● **Work item**
The lines you should transcribe are those from the one containing "Faculty and community" to the end of the listing below, exactly, with pictures left out.

● **Data provided**
------------------------------------
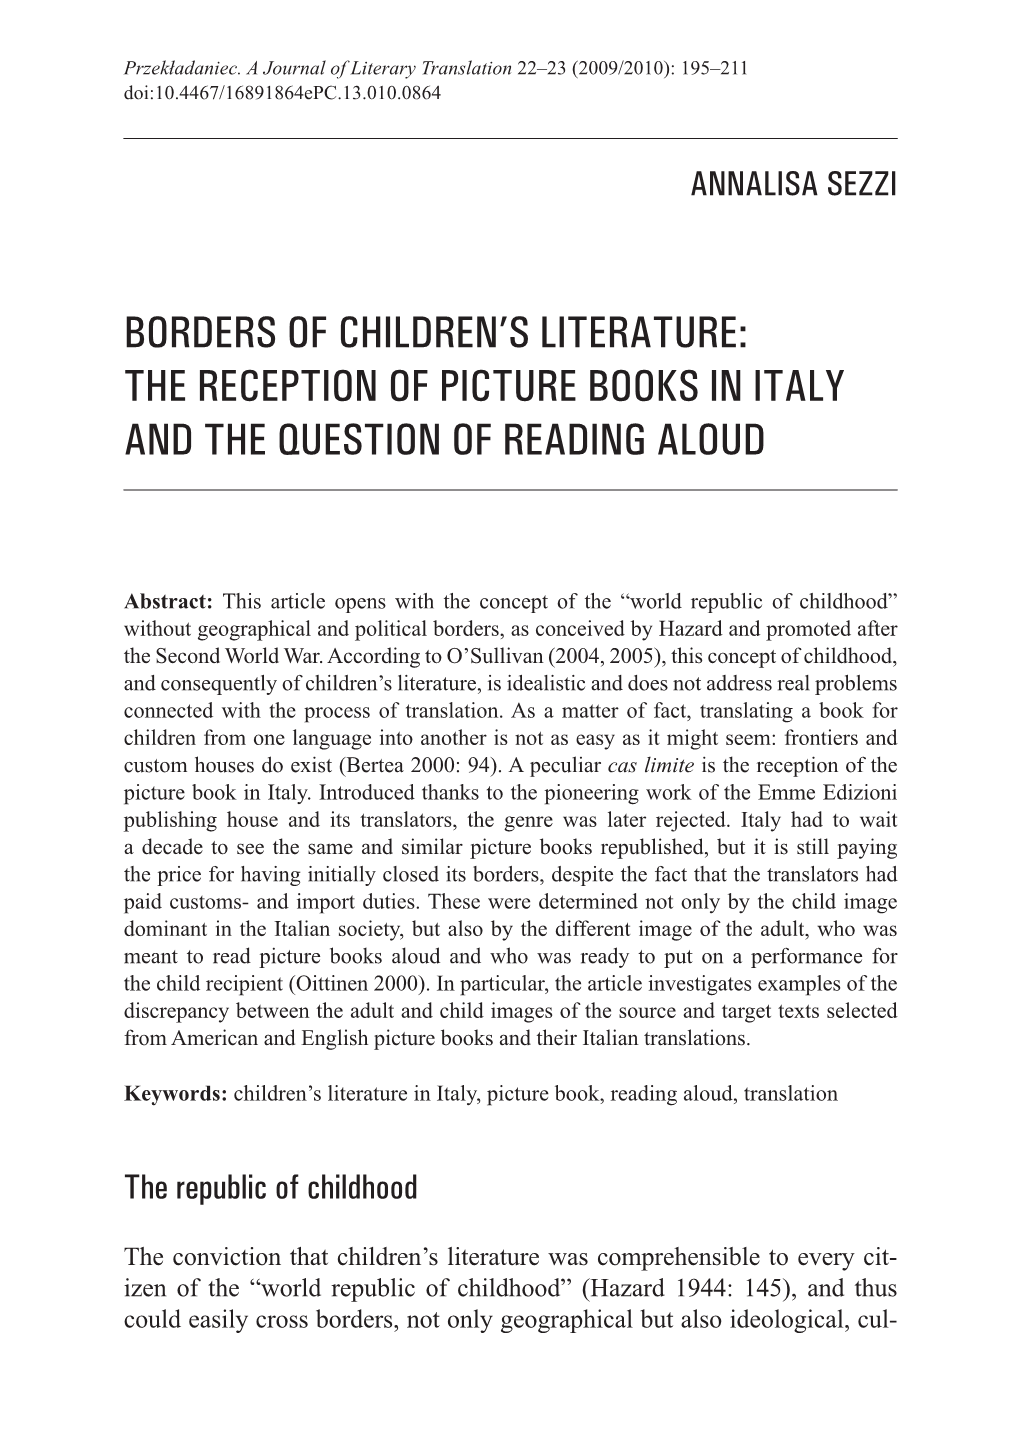 Borders of Children's Literature: the Reception of Picture Books in Italy
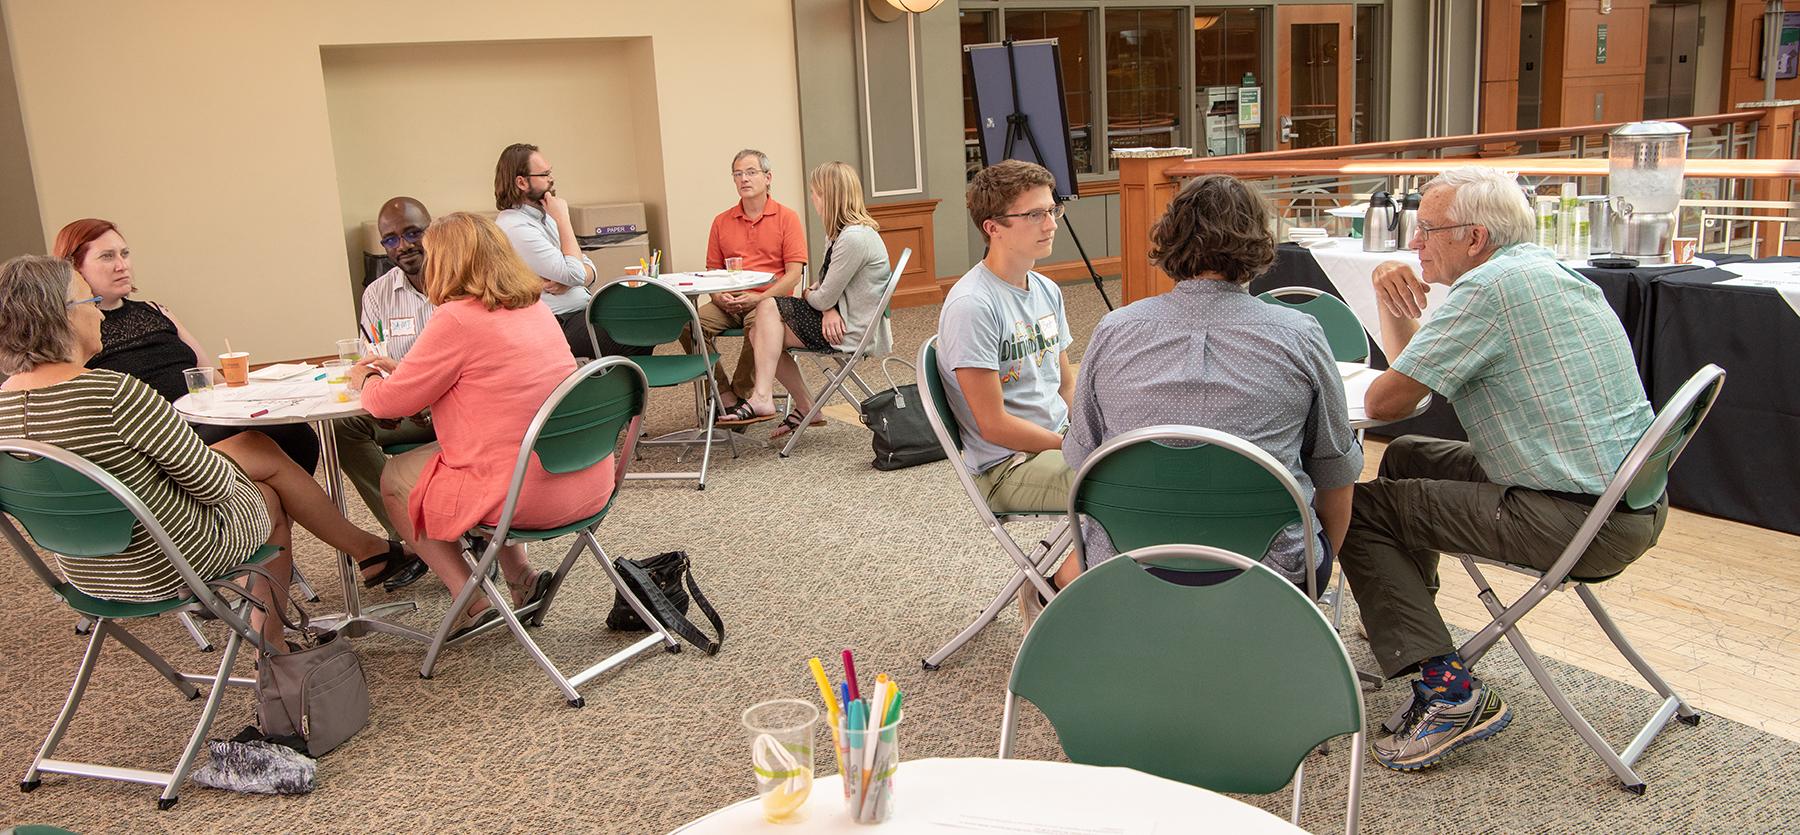 Faculty and community members engage in discussion during an Open OHIO gathering
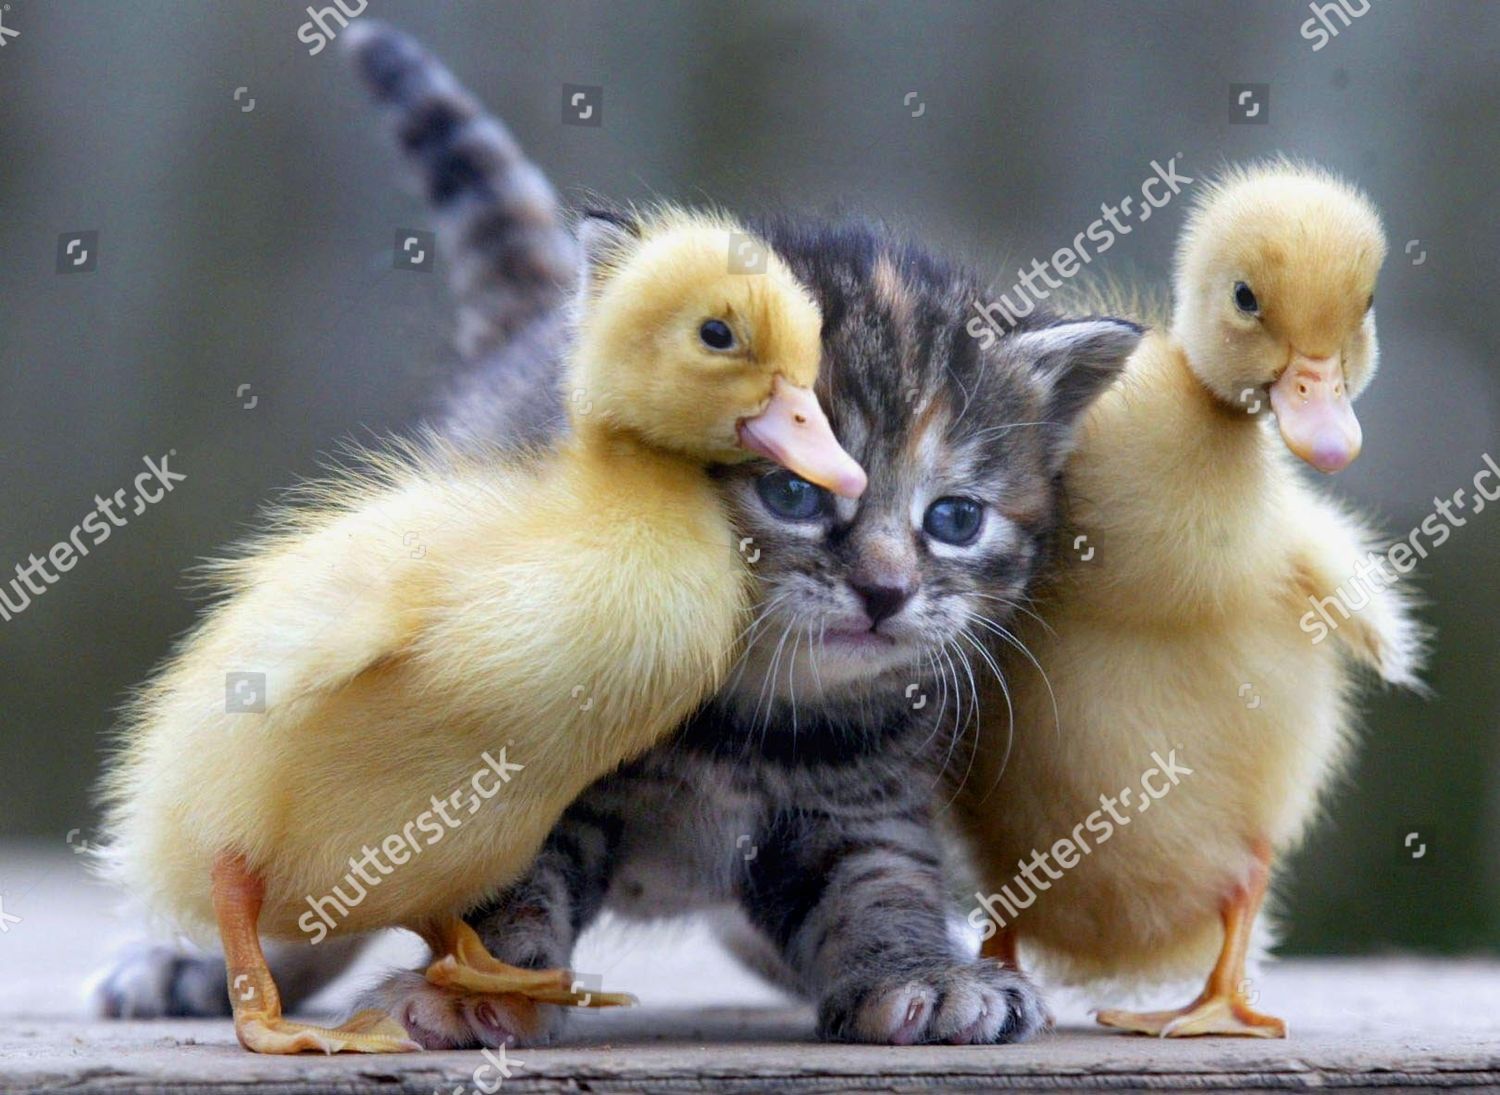 baby ducklings and kittens
------------------------------------
● **Completed exercise**
 Faculty and community members engage in discussion during an Open OHIO gathering
 baby ducklings and kittens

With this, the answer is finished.